Between my sleeping through the first three months of my pregnancy and the evacuation and Shawn's dad going into the hospital, my expectations for the elegance of my hosting became increasingly lowered. However, I did get the public rooms clean and vacuumed and the food came out well.

I'd decided at the beginning that, this being my first Thanksgiving, I was not going to compound everything else going on by attempting to cook a turkey from scratch, so I bought one of those pre-fab dinner from Vons (yes, I crossed the picket line -- I have very little sympathy for people making $16-24/hr who are whining about being asked to contribute $5/wk [$15/wk for family] for medical premiums) which worked very well.

Dad brought his wonderful cranberry/orange relish, gravy, green beans (no onions -- yecch!) and extra stuffing that we ended up not getting to, so everyone was well fed. Jess couldn't make it because she'd already invited a girl in her apartment complex to have dinner with her and little Jonathan, my brother and his boyfriend were concerned with the long drive to and from Big Bear in the dark (a couple of loss-of-control accidents can make you leery of such things), my cousin Erik's girlfriend was with her family, and Shawn [*snif*] was with his. So it ended up being me, Mom and Dad, Grandma and Aunt Barb, Uncle Warren (Mom's brother -- the one in Crestline), and my cousin, Erik. A manageable size for a First.

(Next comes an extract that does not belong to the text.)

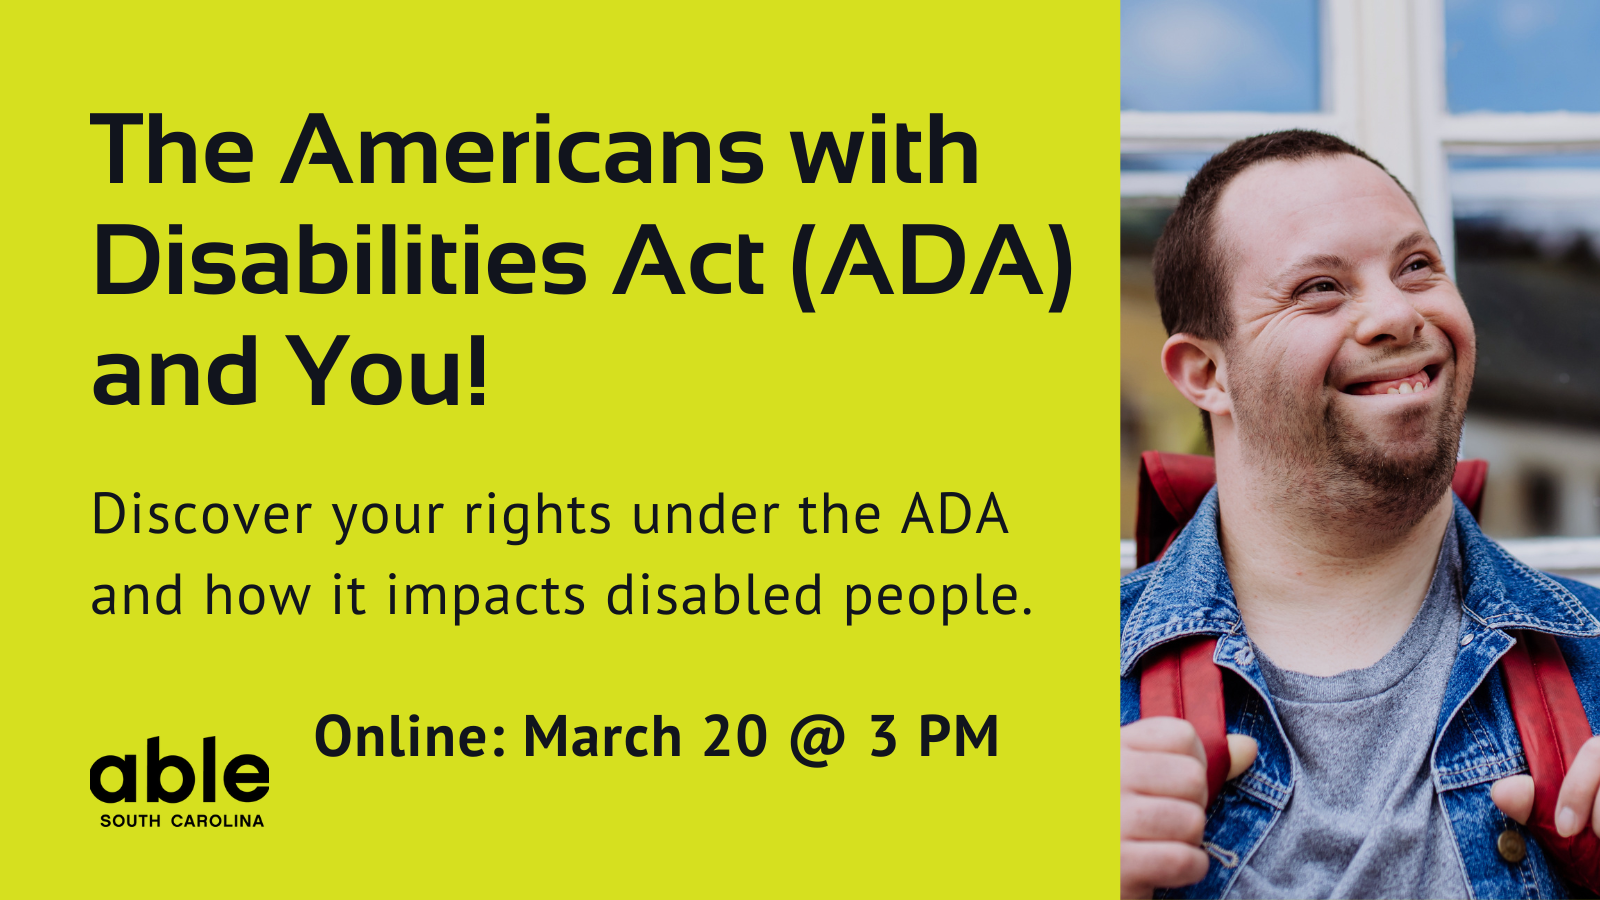 Lime green background graphic with text reading, 'The Americans with Disabilities Act (ADA) and You! Discover your rights under the ADA and how it impacts disabled people. Online March 20 @ 3 pm. Features photo of a developmentally disabled man, Able logo

The table and linens had belonged to Grandmother (maternal), the dishes had been Aunt Barb's, the silverware was my great-grandmother's, and the grace I read before the meal was the same old, faded scrap of newspaper clipping that Grandpa read at every Thanksgiving I could remember at my grandparents' table.

Dad said there were good and bad things about this. He said that the good thing was that it felt like a new tradition. The bad thing was that -- it felt like a new tradition (implying that I may have gotten myself into something permanent.)

I don't mind at all. I missed Shawn dreadfully, but there will be next year.

Good thing Grandmother's table comes with five leaves.



QotD

Tradition does not mean that the living are dead; it means that the dead are living.